Effet des traitements sur la teneur et la spéciation des ETM

Toute opération visant à éliminer une phase (eau par séchage, matière organique par digestion, compostage ou combustion) concentre les ETM, mais augmente leur stabilité (donc réduit leur disponibilité). Toute opération impliquant l'ajout d'un élément (structurant pour le compostage, chaux pour le chaulage) entraîne une dilution des ETM.

La valeur de la concentration totale est insuffisante pour prédire le devenir dans le sol des ETM : il est important de prendre également en compte la disponibilité. Cependant, les éléments permettant d’apprécier la spéciation des ETM ne sont pas disponibles pour toutes les Mafor, et la grande diversité des matrices et des techniques d'analyse de la spéciation rend les comparaisons très difficiles. Néanmoins, il apparaît que les différents procédés appliqués aux Mafor brutes, tels que le compostage ou la digestion, conduisent à une réduction globale des fractions facilement mobilisables et à une plus forte stabilité des complexes formés avec la matière organique, notamment lors du processus de compostage.

Flux d'apport aux sols agricoles

Les flux d'apport aux sols agricoles via les Mafor ont été estimés à l’échelle nationale et régionalisée, et comparés aux autres sources d'ETM que sont les contaminations atmosphériques et les apports par les engrais de synthèse, les amendements basiques et les traitements phytosanitaires (voir Tableau 3-13 de synthèse en fin de section).

A l’échelle nationale (Figure 3-8), les estimations des flux d'ETM entrant sur les sols agricoles par l’apport de Mafor

dépendent de l’élément considéré. Les déjections animales représentent la source principale (> 50%) pour As, Cu, Hg, Mo, Ni et Zn, alors que les engrais minéraux contribuent le plus à l’apport de Cd, Cr et Se (> 40%). Les apports d’ETM dus aux boues et composts d’origine urbaine ne contribuent pas à plus de 20% du total des apports. Toutefois, à l’échelle d’une

parcelle amendée, les flux effectifs d’ETM et leur origine dépendront des modes de fertilisation appliqués et des

caractéristiques des Mafor épandues, qui ne sont pas toujours connues. Les flux liés aux cendres de chaufferie bois restent très faibles à l’échelle nationale ; mais à la parcelle, ces flux peuvent être importants pour des éléments comme As, Cu, Cr et Pb, et approcher, voire dépasser, les seuils maximum réglementaires de flux pour ces éléments.
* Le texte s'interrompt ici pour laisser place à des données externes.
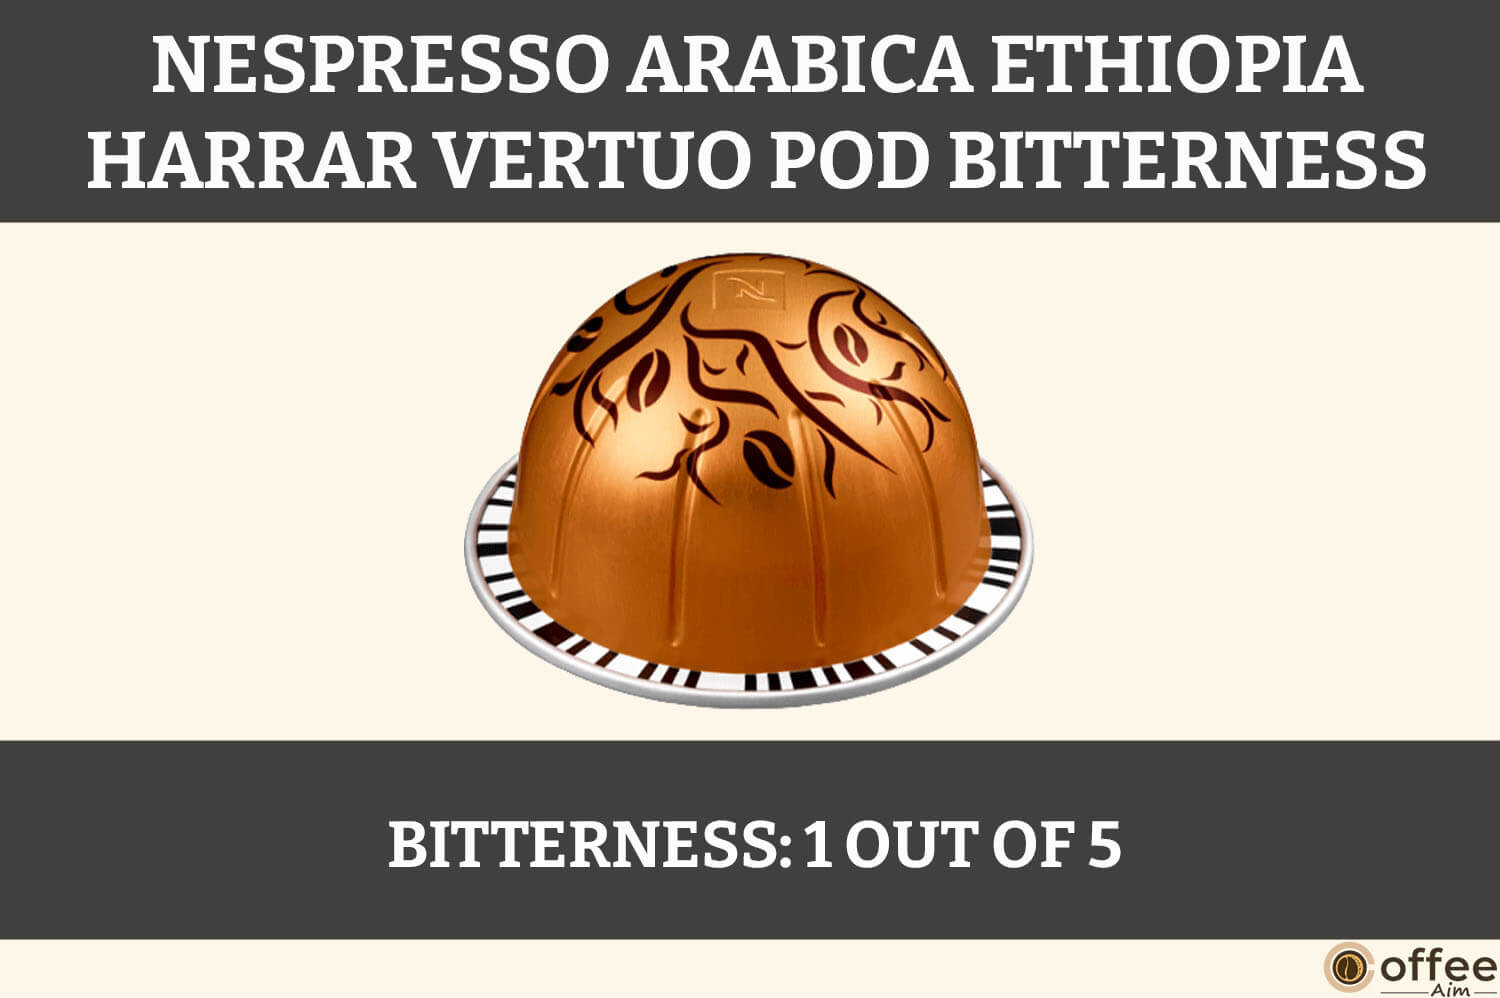 This image captures the essence of the Nespresso Arabica Ethiopia Harrar Vertuo Pod, illustrating the nuanced bitterness discussed in the article 'Nespresso Arabica Ethiopia Harrar Vertuo Pod Review.

Figure 3-8. Flux annuel d'ETM apportés aux sols agricoles en France : contribution des différentes sources, à l'échelle nationale pour 10 ETM (a) et à l'échelle départementale pour le Zn (b)

a.

Source : Sogreah, 2007

b.

Parmi les ETM considérés dans l'ESCo, Cu et Zn sont les éléments dont les flux sont les plus importants lors de l’apport de Mafor. Ainsi un apport annuel d’effluent porcin (correspondant à une dose de 170 kgN/ha) induit une augmentation de l’ordre de 1 à 2% de la concentration en Cu et Zn du sol en surface. Les pertes annuelles par lixiviation, érosion ou transfert aux plantes sont plus faibles, conduisant à une augmentation graduelle des concentrations des sols en Cu et Zn, lorsqu’ils sont amendés avec ce type d’effluents d’élevage.